#### GIVEN MATERIAL
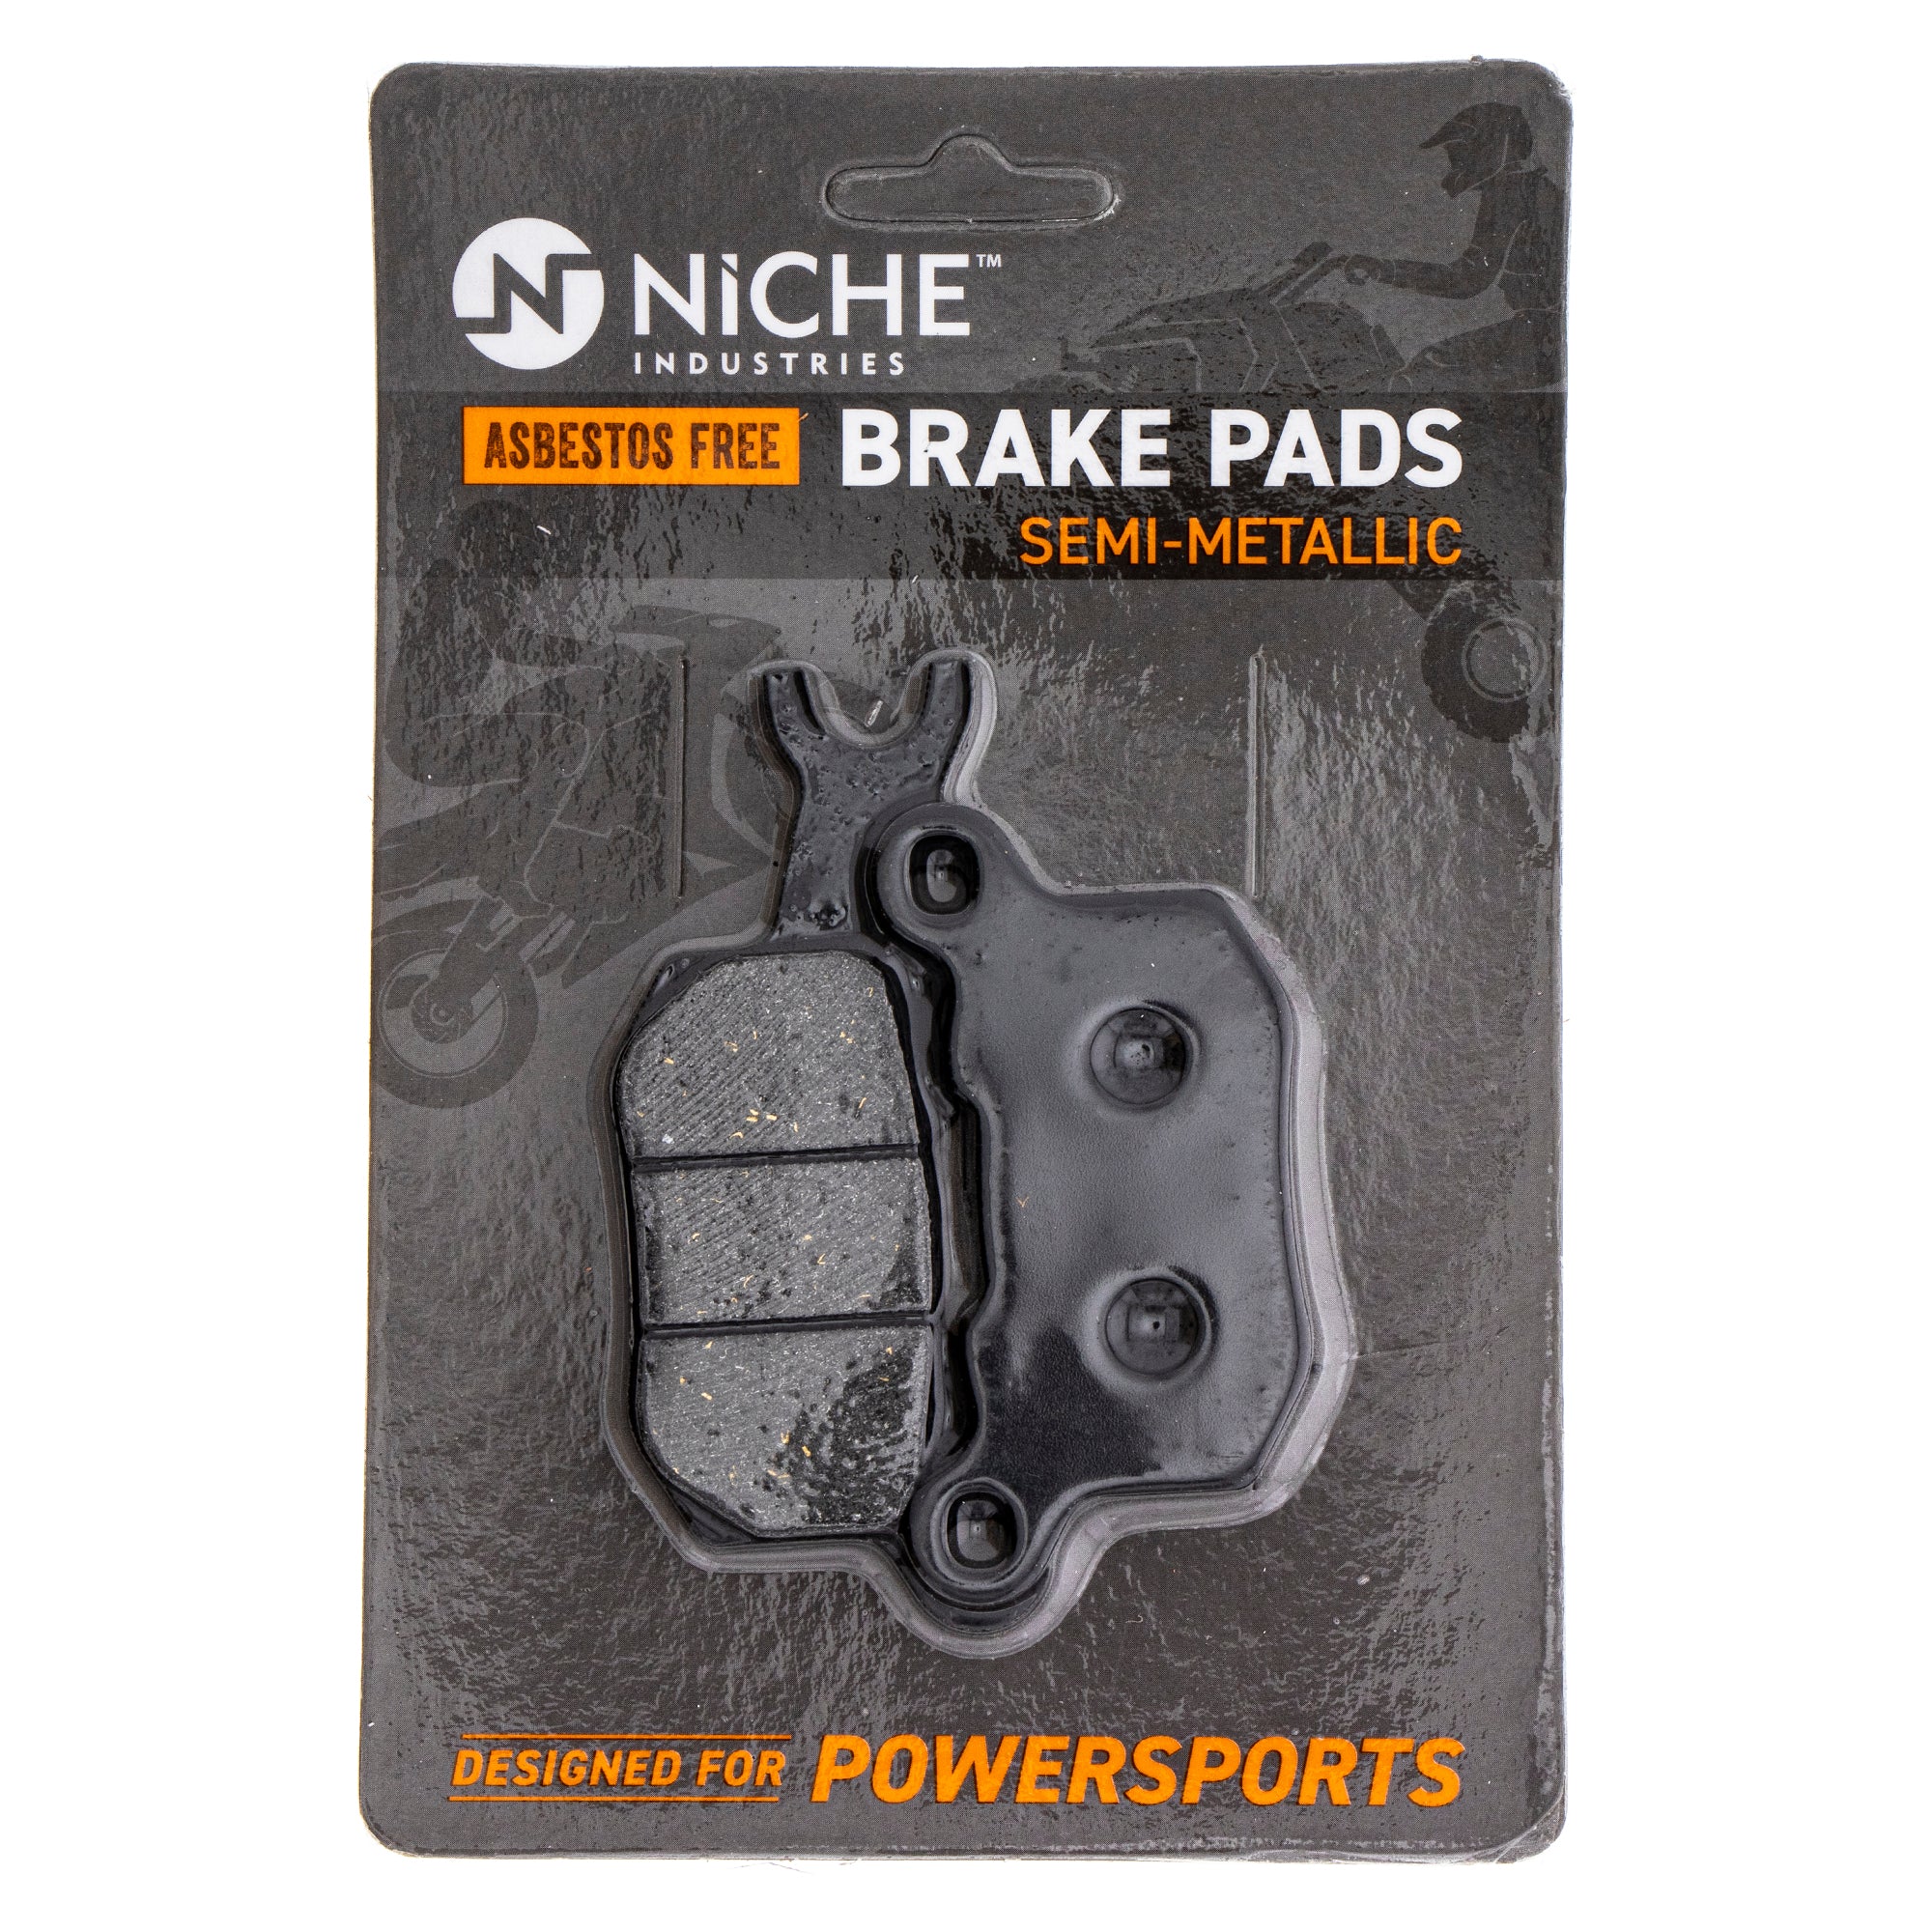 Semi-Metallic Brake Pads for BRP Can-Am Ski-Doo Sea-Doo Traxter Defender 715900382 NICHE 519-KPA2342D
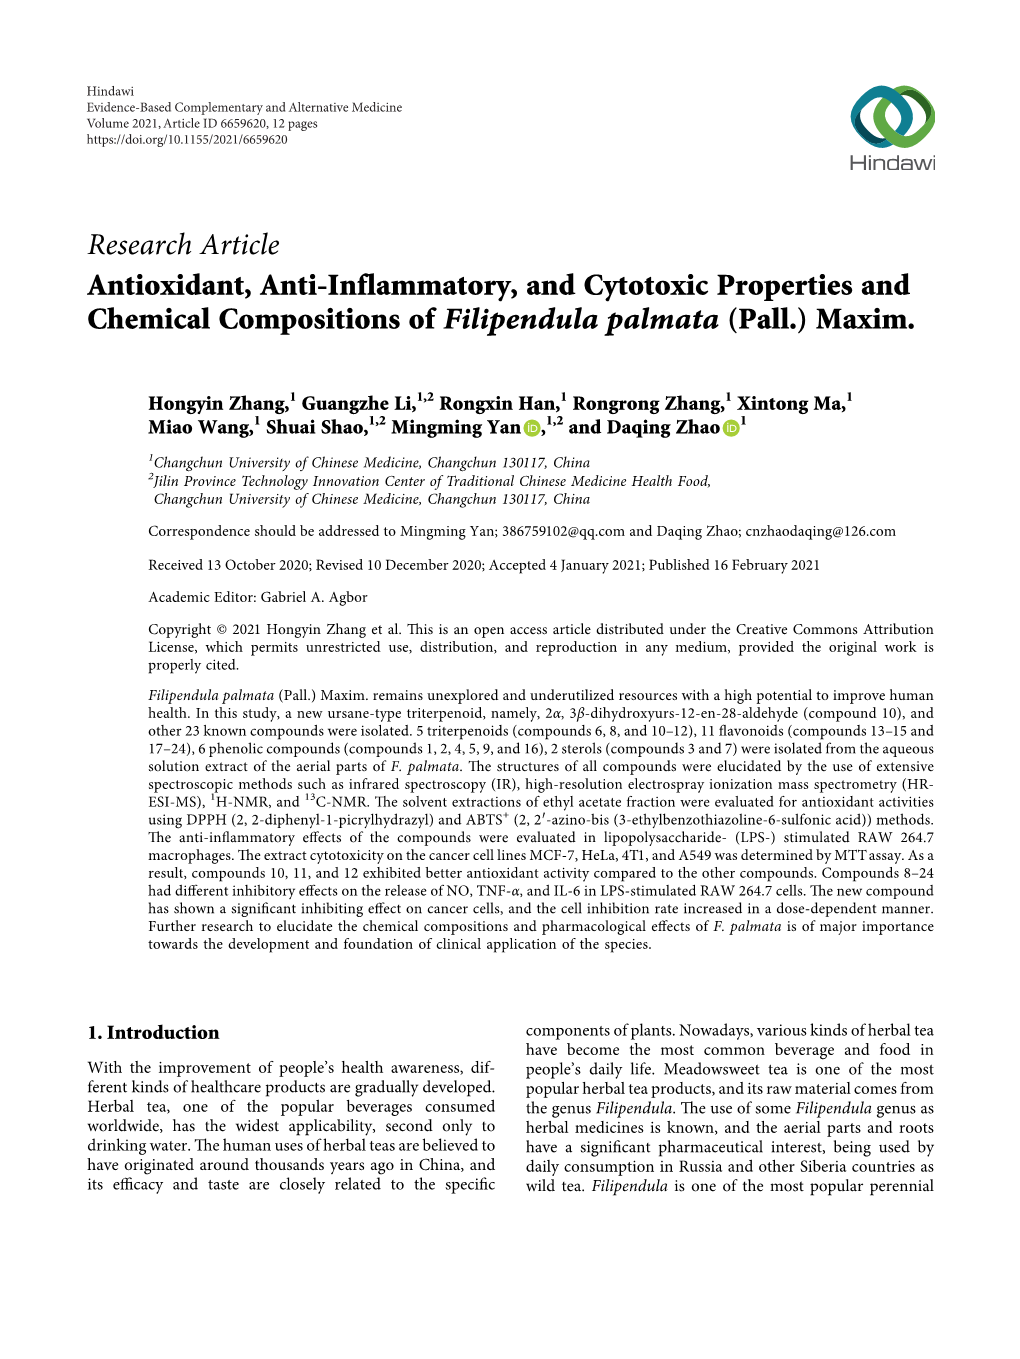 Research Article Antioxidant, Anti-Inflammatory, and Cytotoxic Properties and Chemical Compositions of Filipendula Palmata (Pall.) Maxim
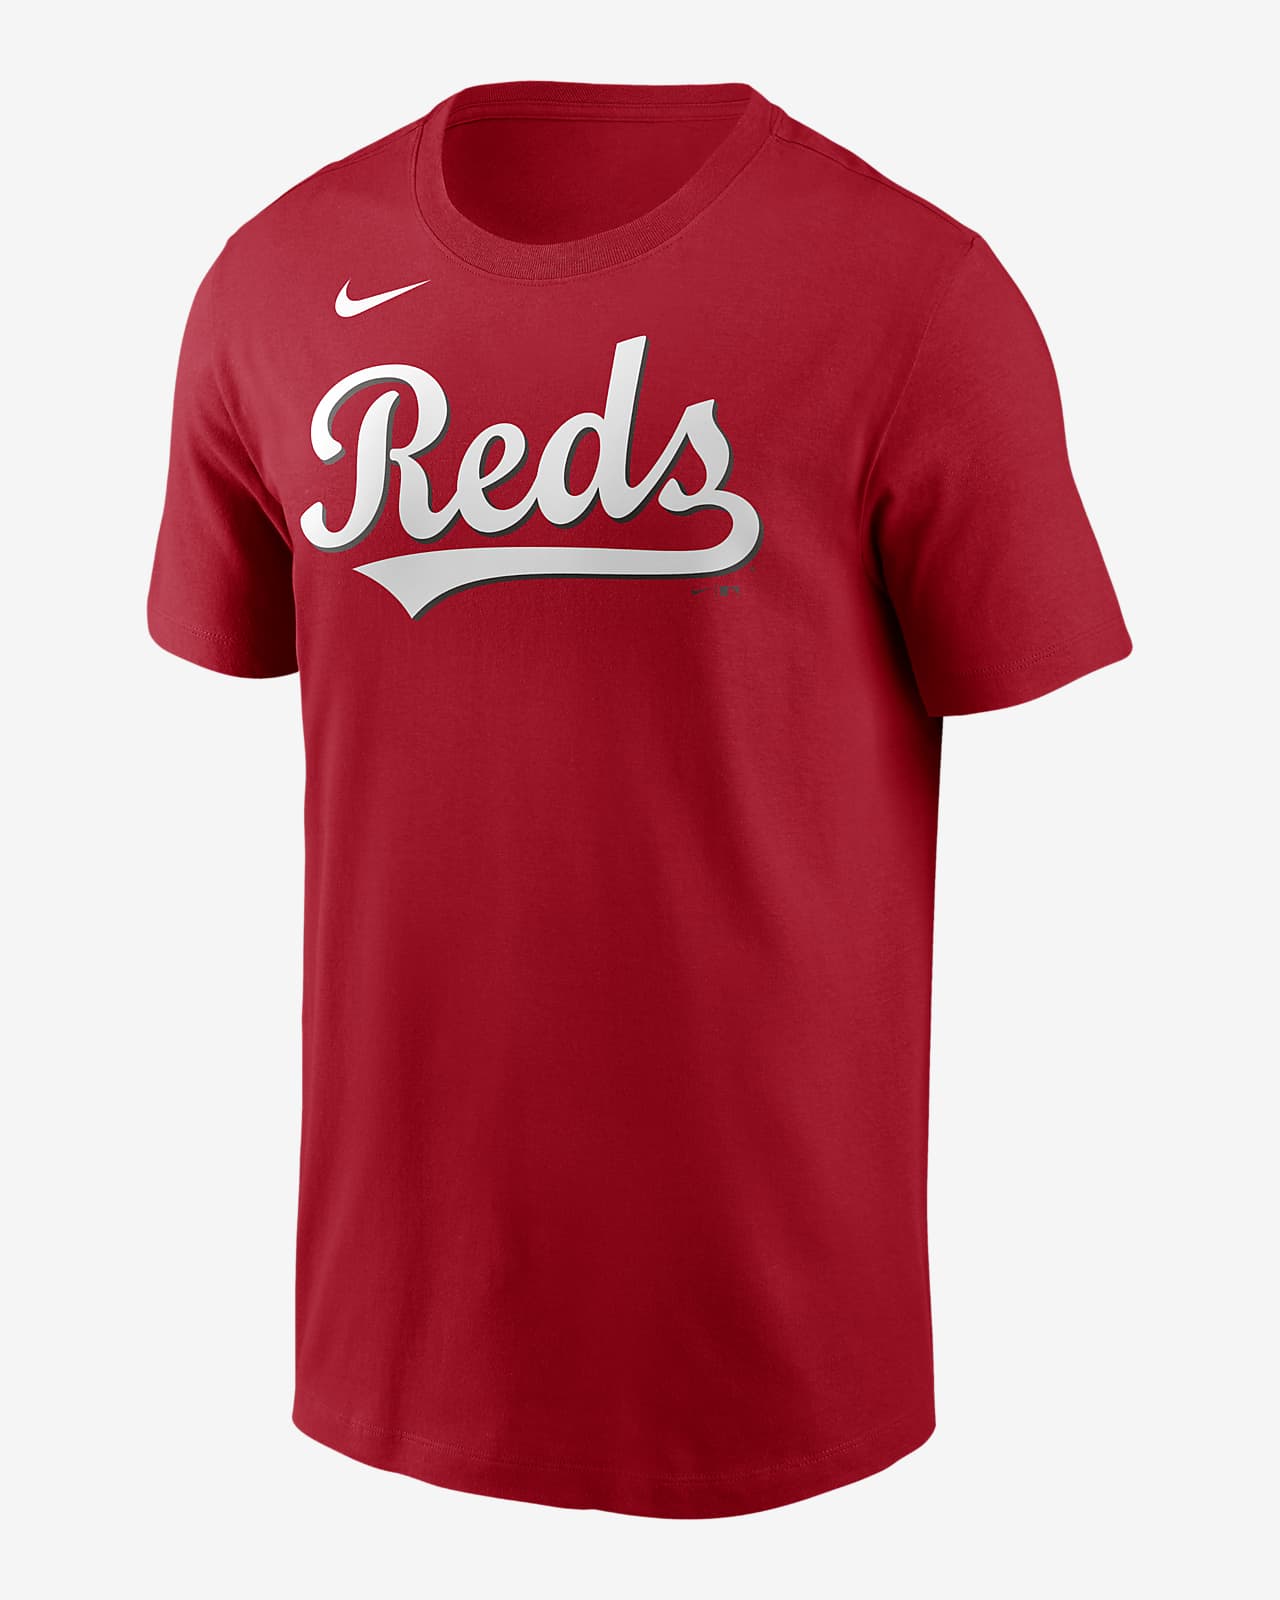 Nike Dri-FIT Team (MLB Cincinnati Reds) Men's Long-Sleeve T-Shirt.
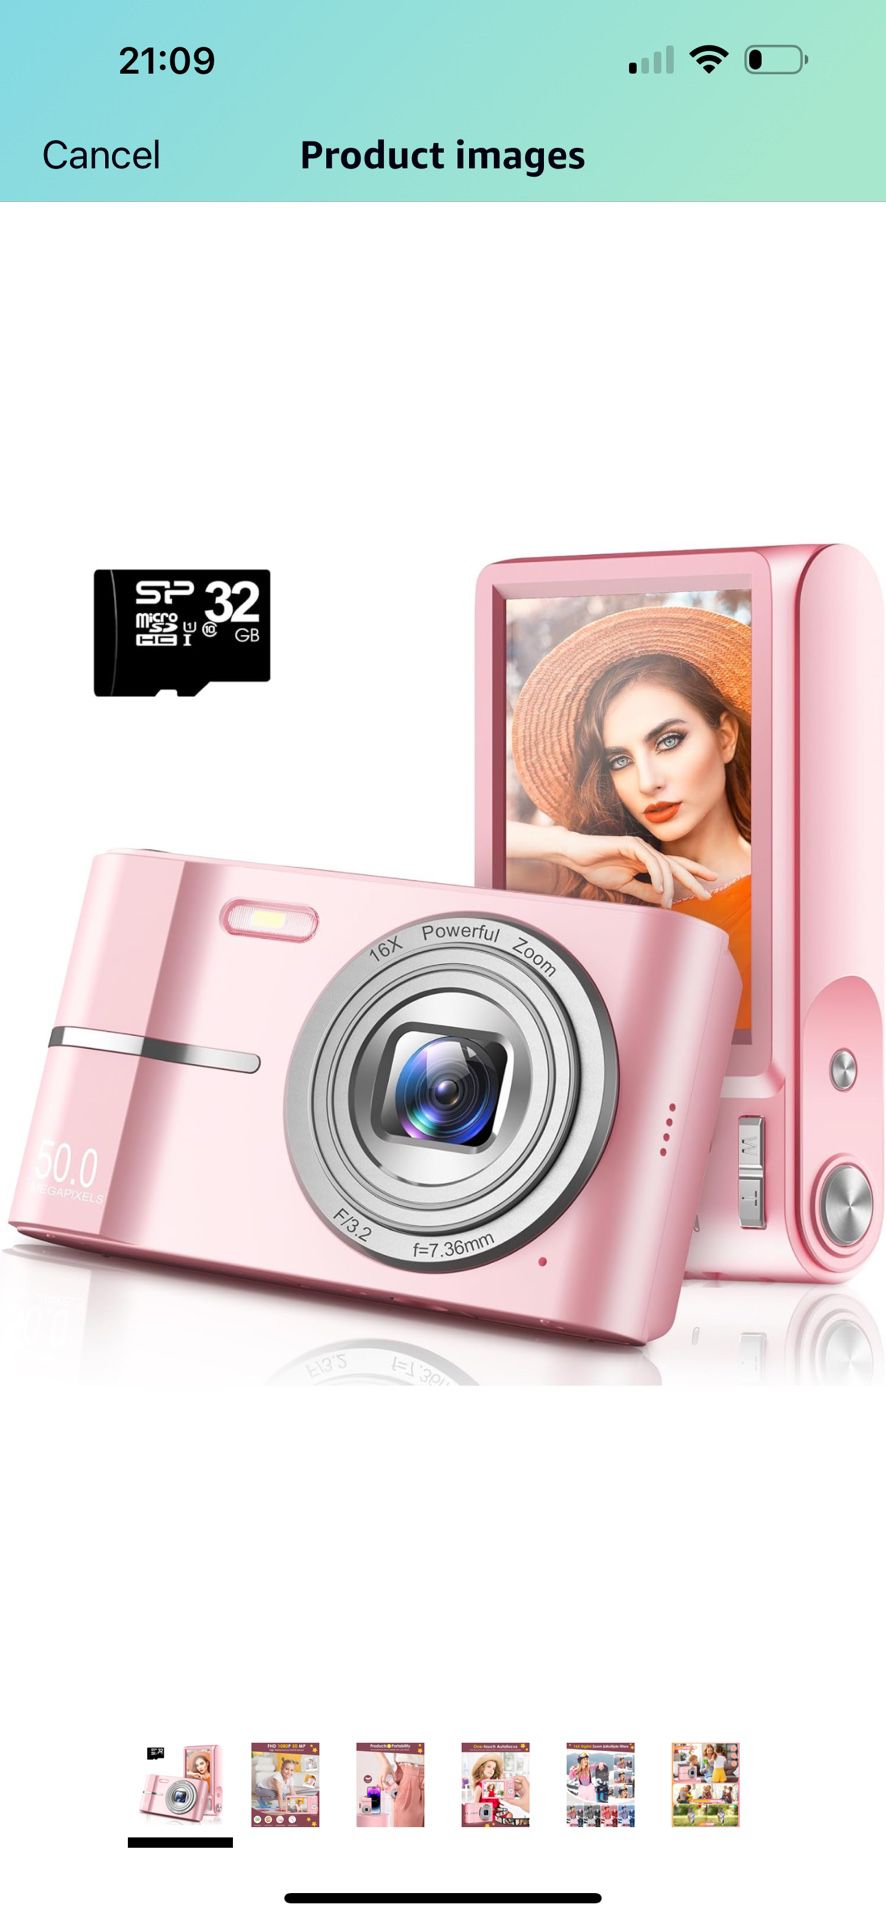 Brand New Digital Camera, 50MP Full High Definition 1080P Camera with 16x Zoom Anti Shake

#### TO DO
Reproduce the whole listing verbatim. Pictures stay out of the copy.

#### TASK RESPONSE
 Semi-Metallic Brake Pads for BRP Can-Am Ski-Doo Sea-Doo Traxter Defender 715900382 NICHE 519-KPA2342D
 Research Article Antioxidant, Anti-Inflammatory, and Cytotoxic Properties and Chemical Compositions of Filipendula Palmata (Pall.) Maxim
 Nike Dri-FIT Team (MLB Cincinnati Reds) Men's Long-Sleeve T-Shirt.
 Brand New Digital Camera, 50MP Full High Definition 1080P Camera with 16x Zoom Anti Shake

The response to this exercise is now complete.